Monday, June 11, 2018
Day before Dark Moon
Jupiter Retrograde
Saturn Retrograde
Pluto Retrograde

This is an important topic. We know the need for positivity. That doesn’t mean ignoring the problems in the world, ignoring them, refusing to be a part of the solution.

It means finding new and better ways to solve them.

That’s difficult to do when our own negative loops run in our head.

I caught myself doing this the other day. Something slipped my mind; I had to turn around and drive back to fix it. The entire drive back from the moment I realized for hours later was the internal monologue berating myself for making a mistake.
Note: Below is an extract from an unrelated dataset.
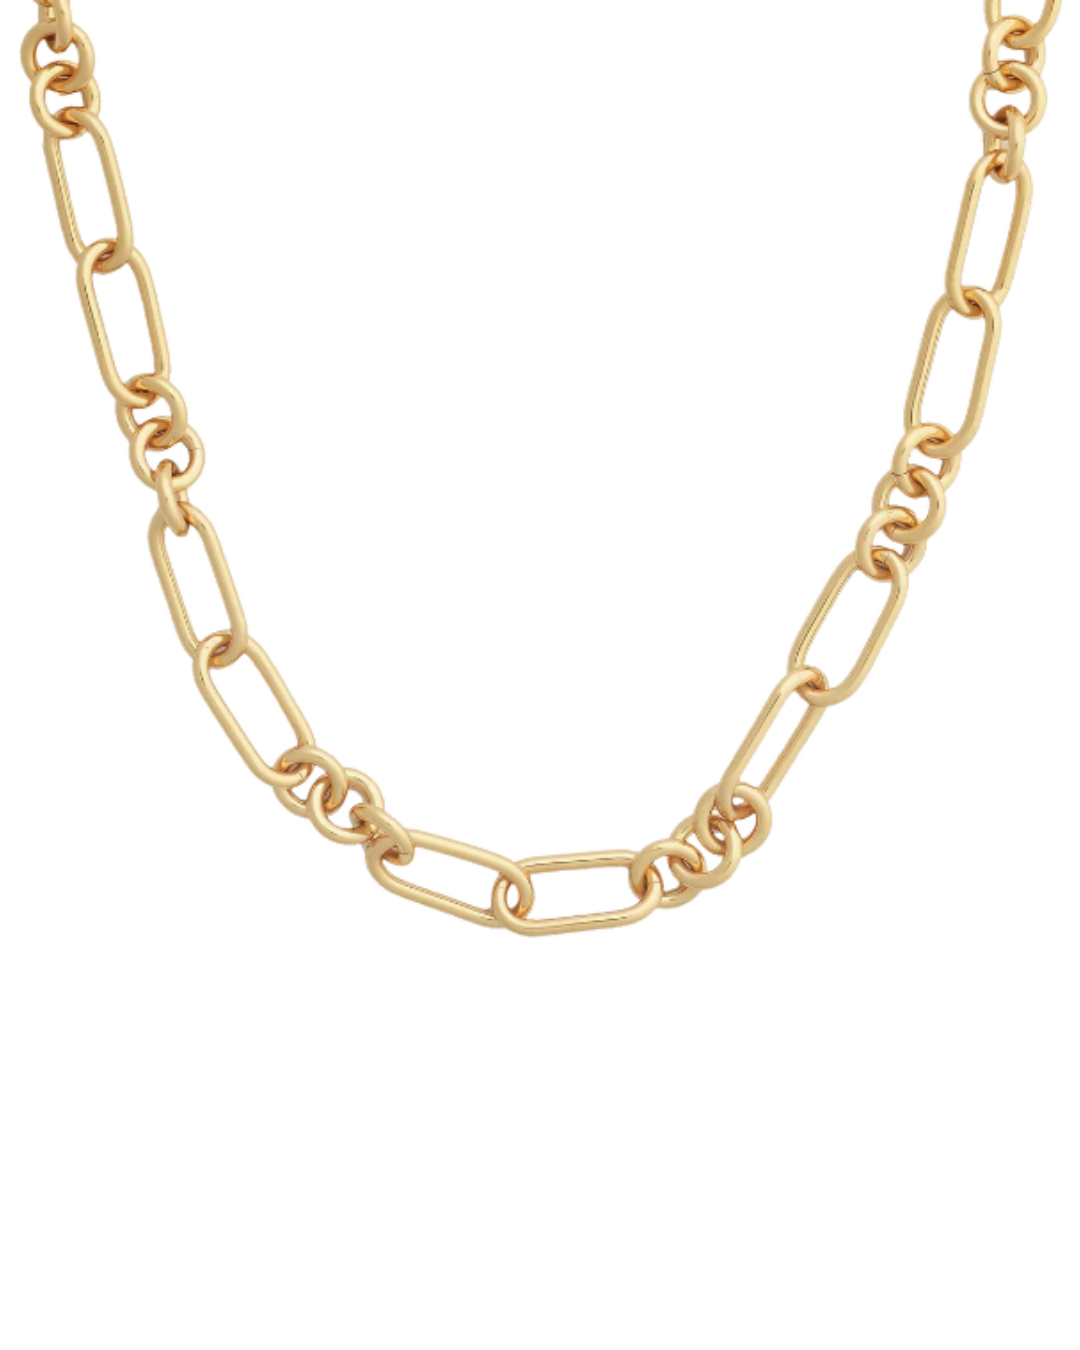 Charm Link Necklace Jewellery by YCL Jewels - Prae Wellness

Calling myself stupid, a failure, ridiculous.

For something small that didn’t hurt anyone. It was simply a minor inconvenience.

The current political situation, where those in power reward those for being their worst selves and for attacking everyone who disagrees with them is part of the problem. But the rest of the problem is that part of us agrees that we deserve to be treated this way.

We don’t.

There’s a saying that no one has the power to make us feel bad unless we allow it. I disagree with that. Many like the sensation of power they get from causing pain.

The comment or treatment will still cause pain. It’s how we RESPOND to it that increases or diminishes their power over us.

One way is “don’t dwell.”

We are human. We get tired, we get careless. We make mistakes.

As long as we acknowledge them, take responsibility for them, take steps to fix them, and then take steps not to repeat them, we are fulfilling our piece of the contract we must have with each other as part of a so-called civilized society.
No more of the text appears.